Continue on last lecture

Theorem of conformality

Suppose f:G\to \mathbb{C} is holomorphic function on open set G\subset \mathbb{C} and \gamma_1,\gamma_2 are regular curves in G with \gamma_1(t_0)=\gamma_2(t_0)=z_0 for some t_0\in I_1\cap I_2.

If f'(z_0)\neq 0, then the angle between \gamma_1 and \gamma_2 at z_0 is the same as the angle between the vectors f'(z_0)\gamma_1'(t_0) and f'(z_0)\gamma_2'(t_0).

Lemma of function of a curve and angle

If f:G\to \mathbb{C} is holomorphic function on open set G\subset \mathbb{C} and \gamma is differentiable curve in G with \gamma(t_0)=z_0 for some t_0\in I.

Then,

(f\circ \gamma)'(t_0)=f'(\gamma(t_0))\gamma'(t_0).

Looks like the chain rule.

Proof

We want to show that

\lim_{t\to t_0}\frac{(f\circ \gamma)(t)-(f\circ \gamma)(t_0)}{t-t_0}=f'(\gamma(t_0))\gamma'(t_0).

Notation:

A function g(h) is O(h) if \exists C>0 such that |g(h)|\leq C|h| for all h in a neighborhood of 0.

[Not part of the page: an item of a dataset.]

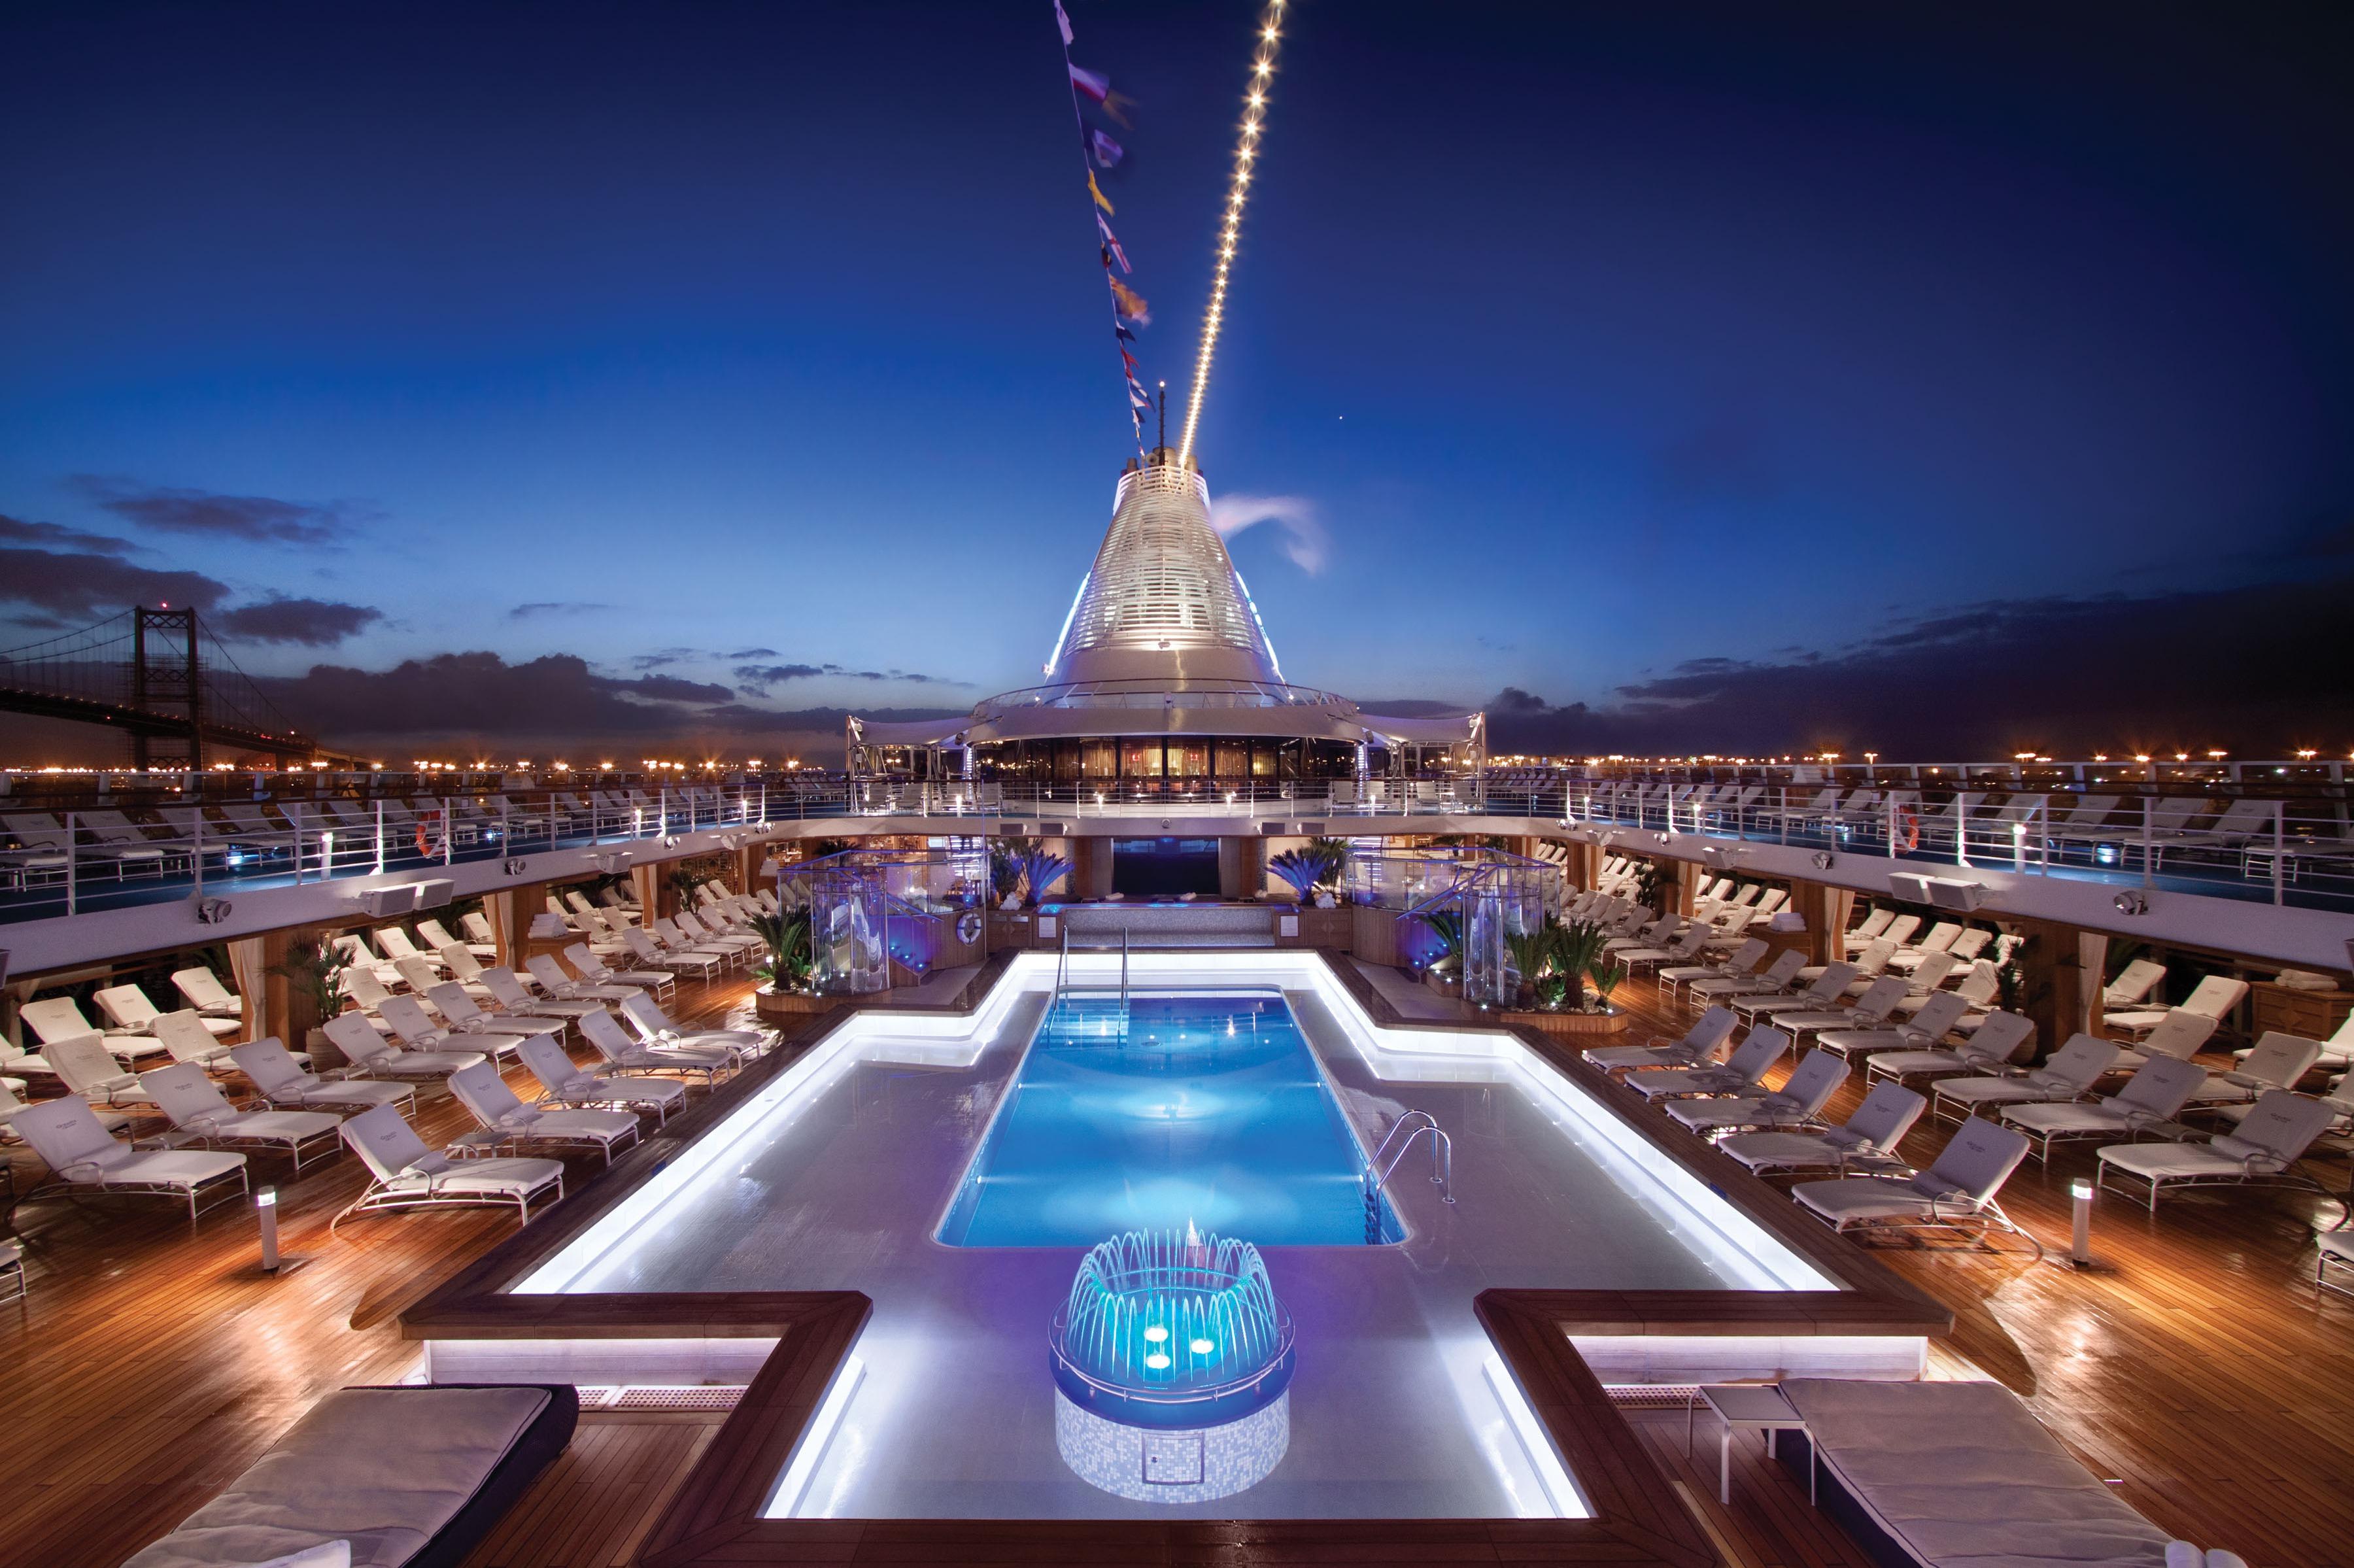 Marina and Riviera Pool Deck

A function g(h) is o(h) if \lim_{h\to 0}\frac{g(h)}{h}=0.

f is differentiable if and only if f(z+h)=f(z)+f'(z)h+\frac{1}{2}h^2f''(z)+o(h^3) as h\to 0. (By Taylor expansion)

Since f is holomorphic at \gamma(t_0)=z_0, we have

f(z_0)=f(z_0)+(z-z_0)f'(z_0)+o(z-z_0)

This result comes from Taylor Expansion of the derivative of the function around the point z_0

and

f(\gamma(t_0))=f(\gamma(t_0))+f'(\gamma(t_0))(\gamma(t)-\gamma(t_0))+o(\gamma(t)-\gamma(t_0))

So,

\begin{aligned}
\lim_{t\to t_0}\frac{(f\circ \gamma)(t)-(f\circ \gamma)(t_0)}{t-t_0}
&=\lim_{t\to t_0}\frac{\left[f(\gamma(t_0))+f'(\gamma(t_0))(\gamma(t)-\gamma(t_0))+o(\gamma(t)-\gamma(t_0))\right]-f(\gamma(t_0))}{t-t_0} \\
&=\lim_{t\to t_0}\frac{f'(\gamma(t_0))(\gamma(t)-\gamma(t_0))+o(\gamma(t)-\gamma(t_0))}{t-t_0} \\
&=\lim_{t\to t_0}\frac{f'(\gamma(t_0))(\gamma(t)-\gamma(t_0))}{t-t_0} +\lim_{t\to t_0}\frac{o(\gamma(t)-\gamma(t_0))}{t-t_0} \\
&=f'(\gamma(t_0))\lim_{t\to t_0}\frac{\gamma(t)-\gamma(t_0)}{t-t_0} +0\\
&=f'(\gamma(t_0))\gamma'(t_0)
\end{aligned}

Definition 2.12 (Conformal function)

A function f:G\to \mathbb{C} is called conformal if it preserves the angle between two curves.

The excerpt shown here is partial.